[[ Provided data, beginning ]]

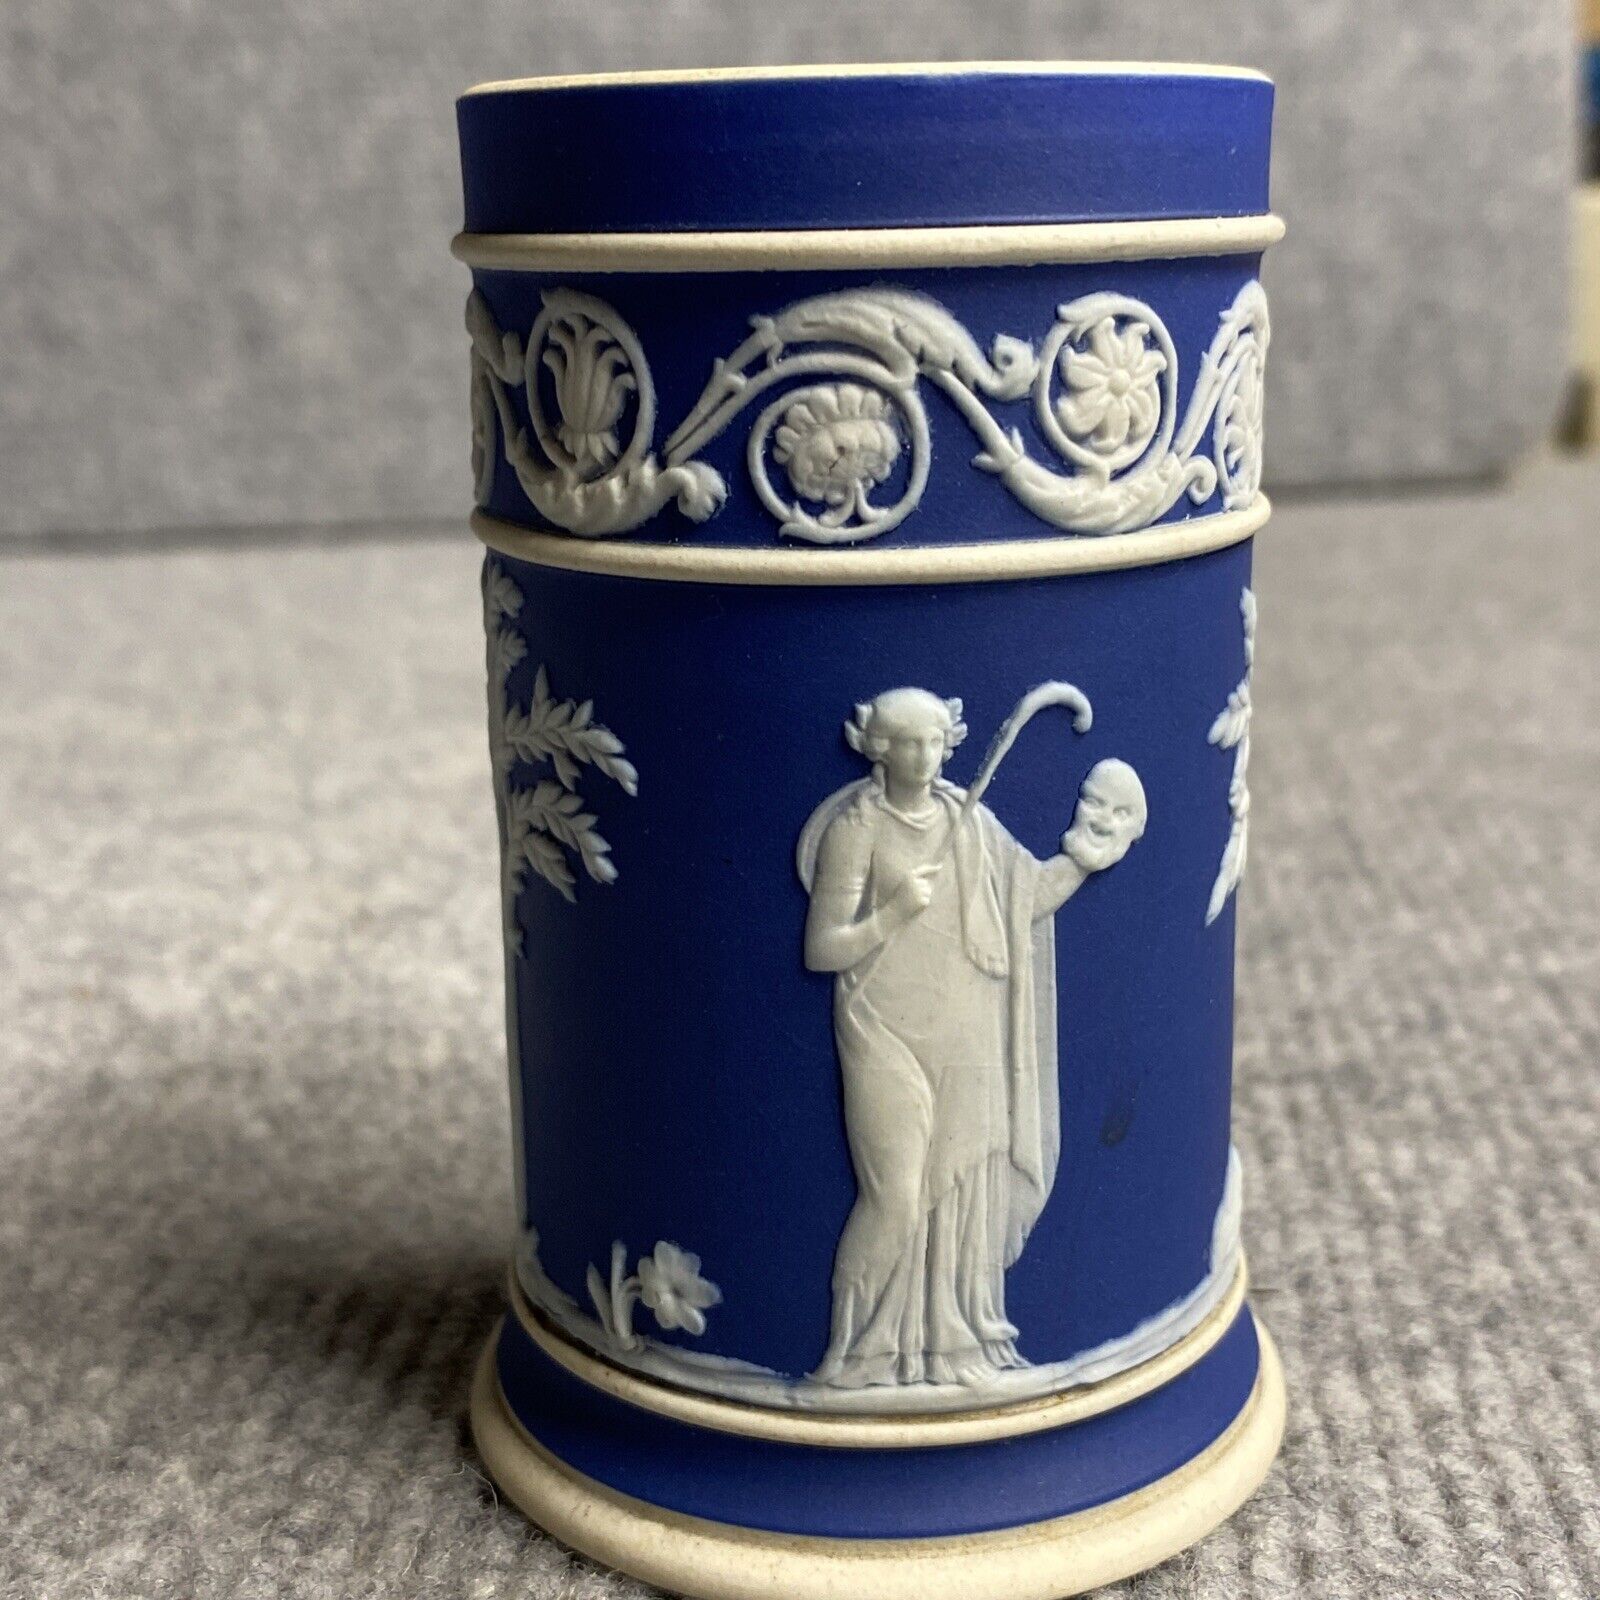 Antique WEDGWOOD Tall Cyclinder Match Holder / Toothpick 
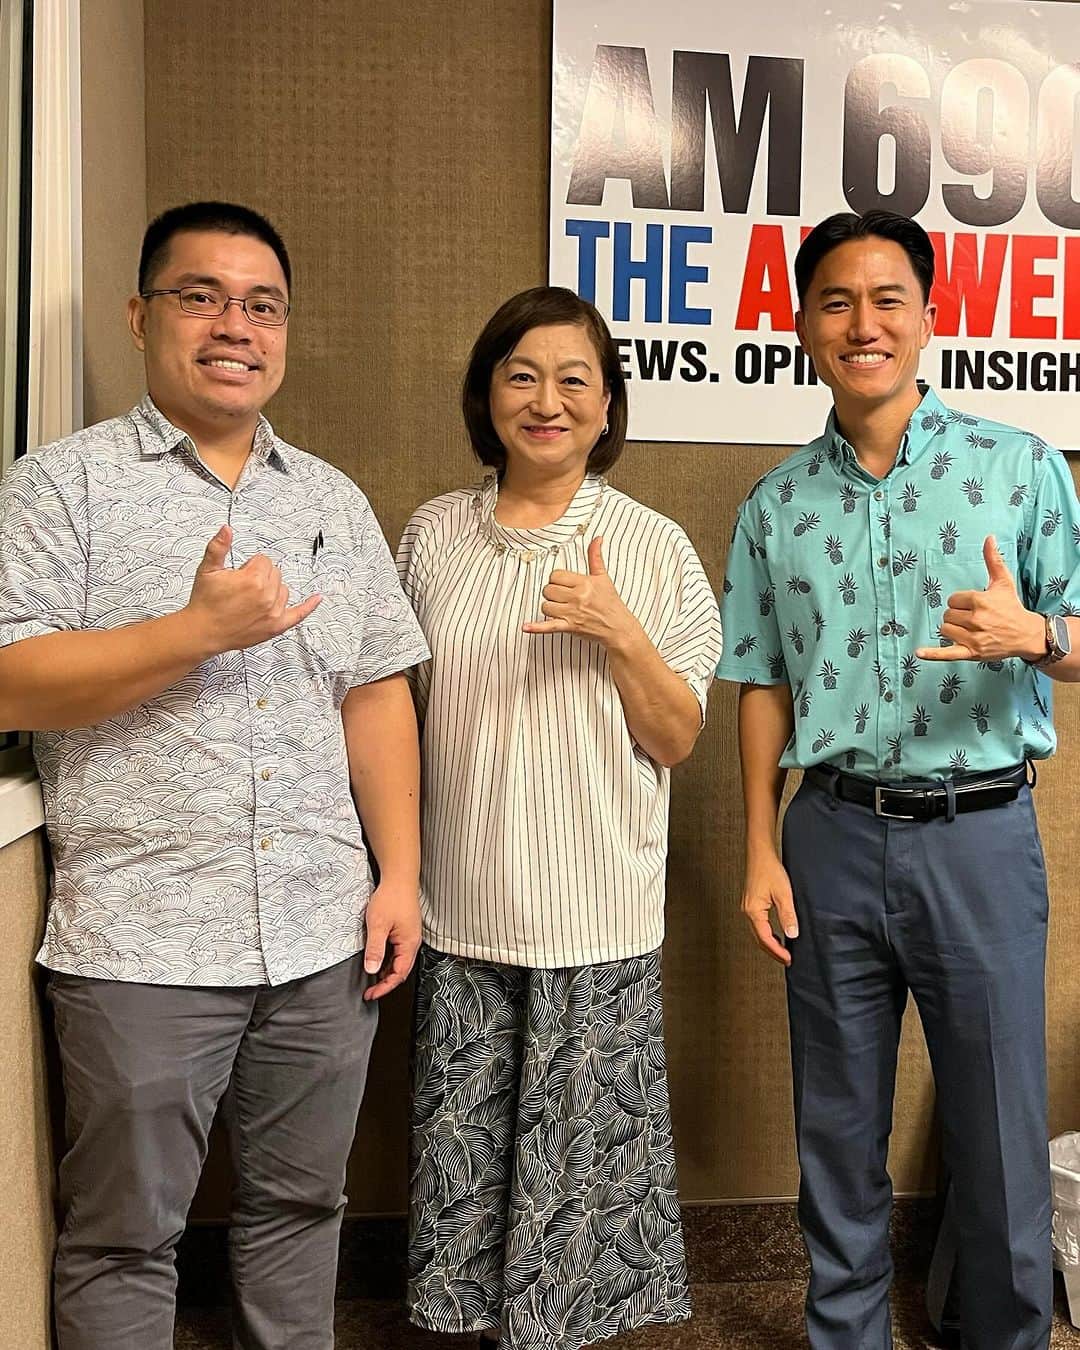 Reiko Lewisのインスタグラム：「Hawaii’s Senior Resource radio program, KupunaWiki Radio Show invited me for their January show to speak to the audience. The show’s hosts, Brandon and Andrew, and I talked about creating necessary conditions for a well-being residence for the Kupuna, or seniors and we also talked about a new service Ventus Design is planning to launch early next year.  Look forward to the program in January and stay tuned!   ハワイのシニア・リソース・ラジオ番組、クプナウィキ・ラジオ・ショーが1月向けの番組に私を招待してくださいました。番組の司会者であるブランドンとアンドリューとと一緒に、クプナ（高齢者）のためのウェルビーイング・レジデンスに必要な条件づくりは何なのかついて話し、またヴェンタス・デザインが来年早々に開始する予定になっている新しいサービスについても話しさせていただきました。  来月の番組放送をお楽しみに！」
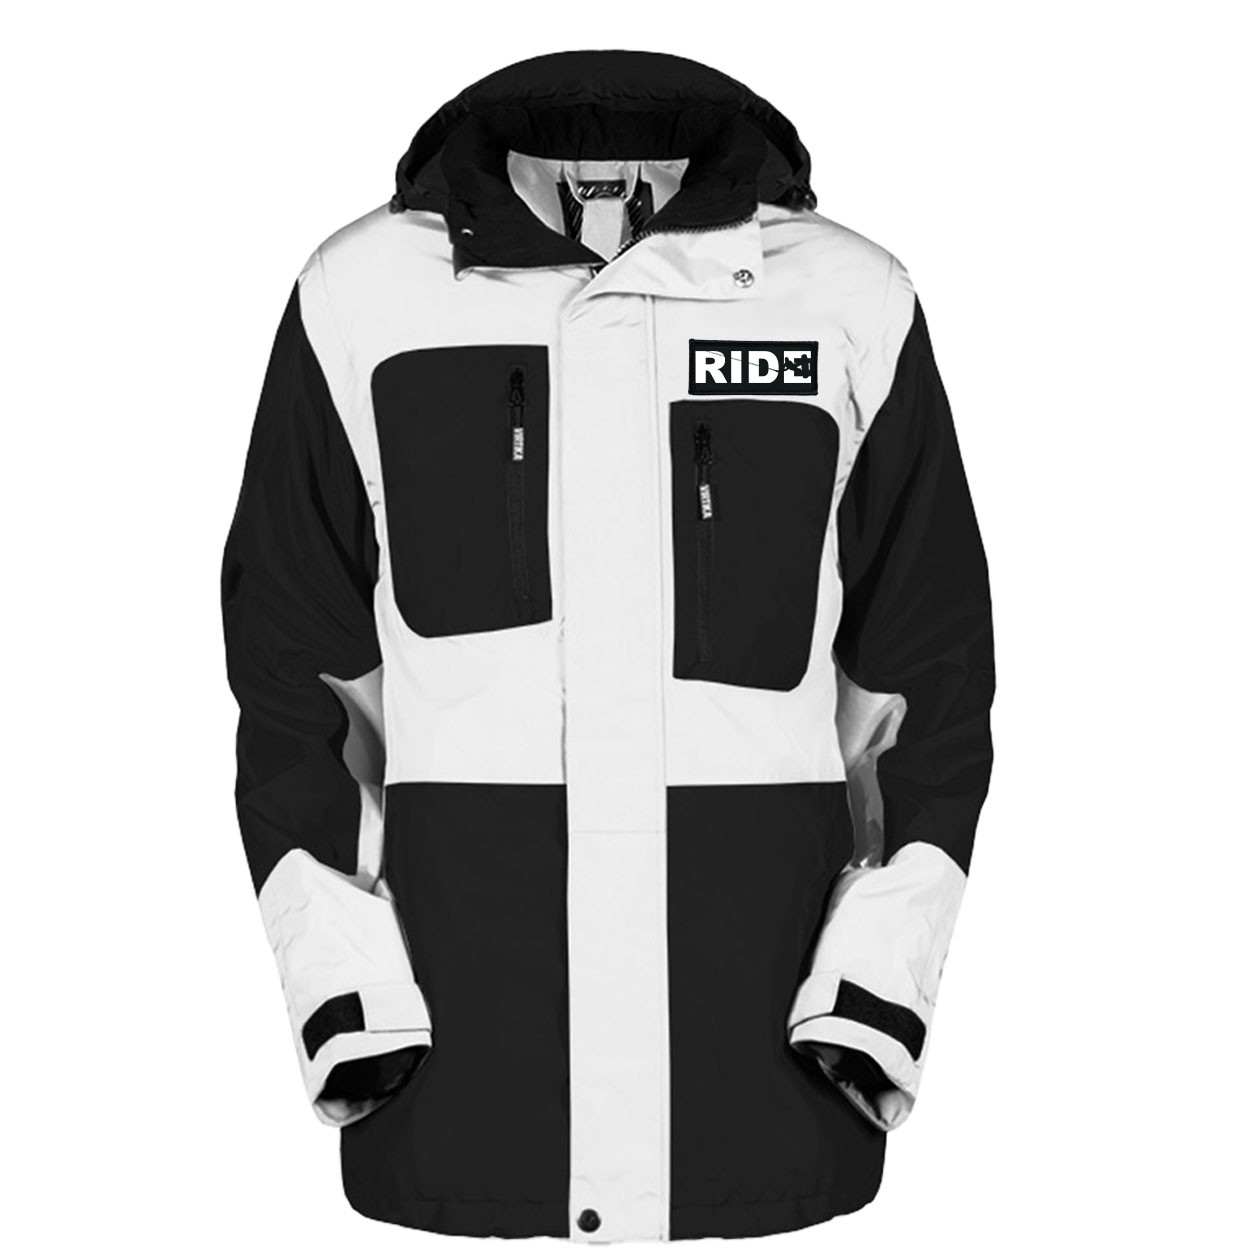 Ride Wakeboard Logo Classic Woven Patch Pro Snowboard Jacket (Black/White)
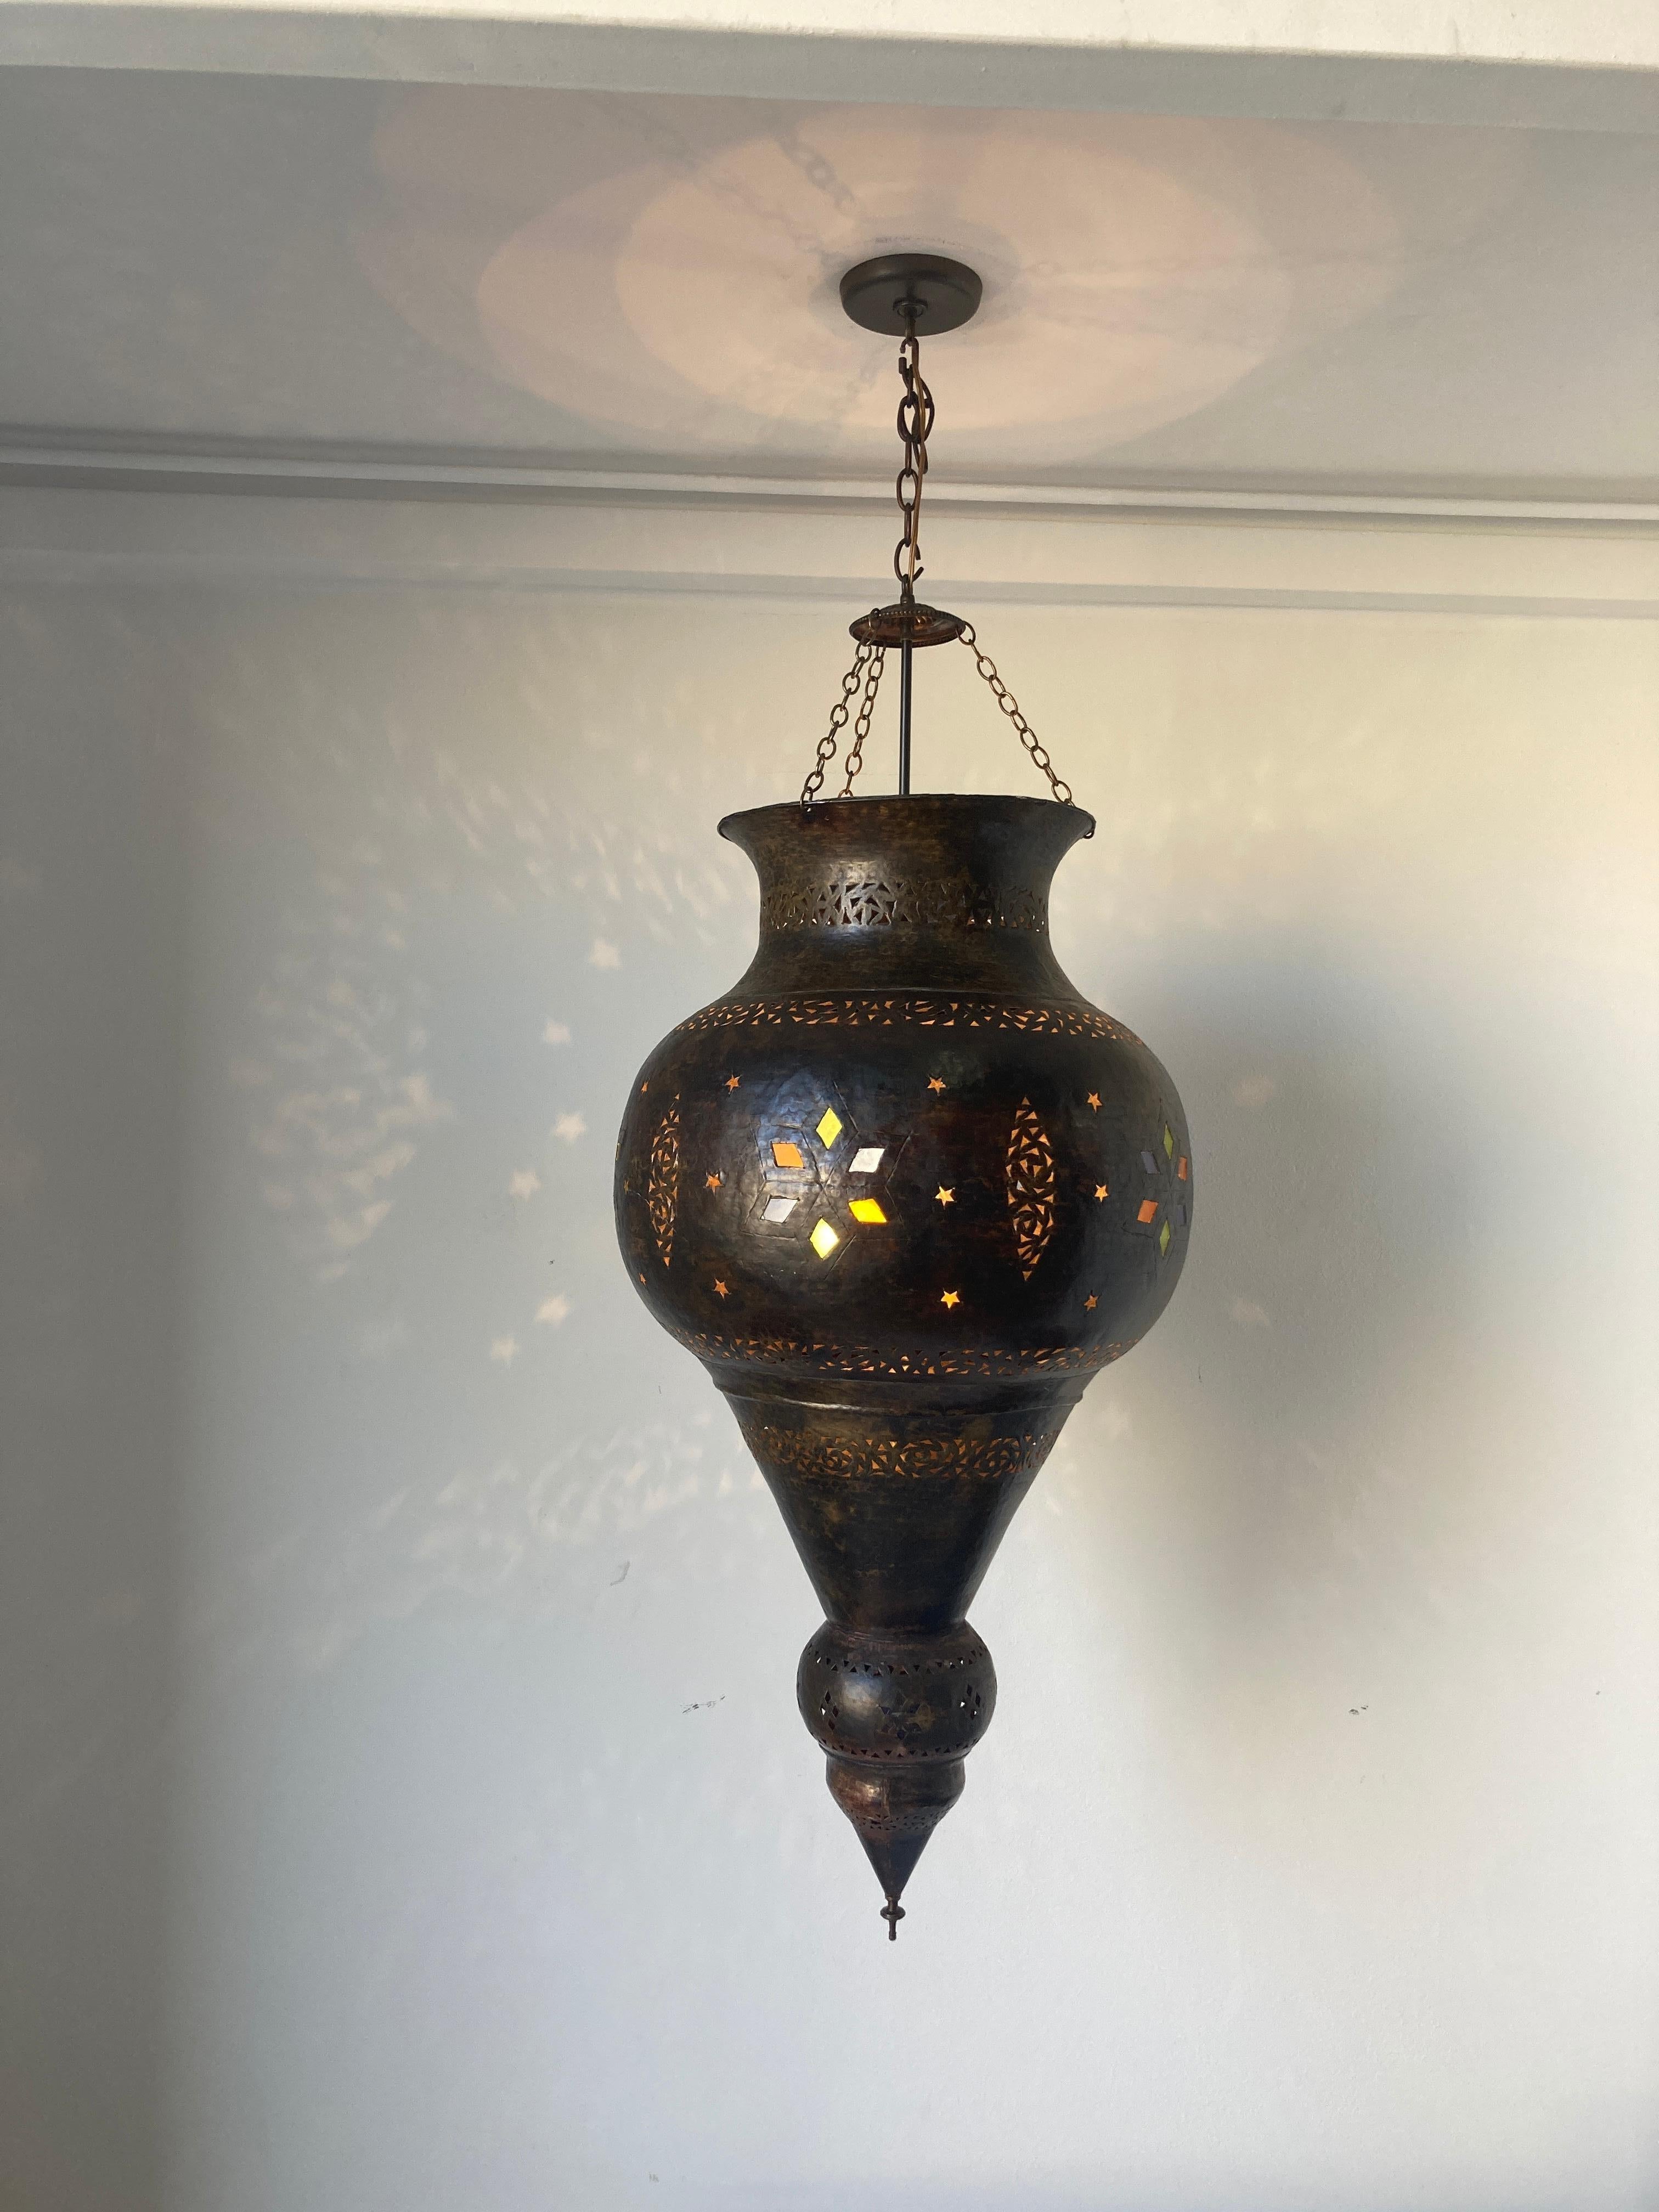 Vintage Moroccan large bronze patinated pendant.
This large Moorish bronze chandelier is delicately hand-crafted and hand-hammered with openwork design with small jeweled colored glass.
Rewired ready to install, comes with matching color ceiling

[[ Provided data, end ]]

What the exercise asks: Could you copy every record above exactly, leaving out the pictures?

Your response:
 Antique WEDGWOOD Tall Cyclinder Match Holder / Toothpick 
 Reiko Lewisのインスタグラム：「Hawaii’s Senior Resource radio program, KupunaWiki Radio Show invited me for their January show to speak to the audience. The show’s hosts, Brandon and Andrew, and I talked about creating necessary conditions for a well-being residence for the Kupuna, or seniors and we also talked about a new service Ventus Design is planning to launch early next year.  Look forward to the program in January and stay tuned!   ハワイのシニア・リソース・ラジオ番組、クプナウィキ・ラジオ・ショーが1月向けの番組に私を招待してくださいました。番組の司会者であるブランドンとアンドリューとと一緒に、クプナ（高齢者）のためのウェルビーイング・レジデンスに必要な条件づくりは何なのかついて話し、またヴェンタス・デザインが来年早々に開始する予定になっている新しいサービスについても話しさせていただきました。  来月の番組放送をお楽しみに！」
 Ride Wakeboard Logo Classic Woven Patch Pro Snowboard Jacket (Black/White)
 Vintage Moroccan large bronze patinated pendant.
This large Moorish bronze chandelier is delicately hand-crafted and hand-hammered with openwork design with small jeweled colored glass.
Rewired ready to install, comes with matching color ceiling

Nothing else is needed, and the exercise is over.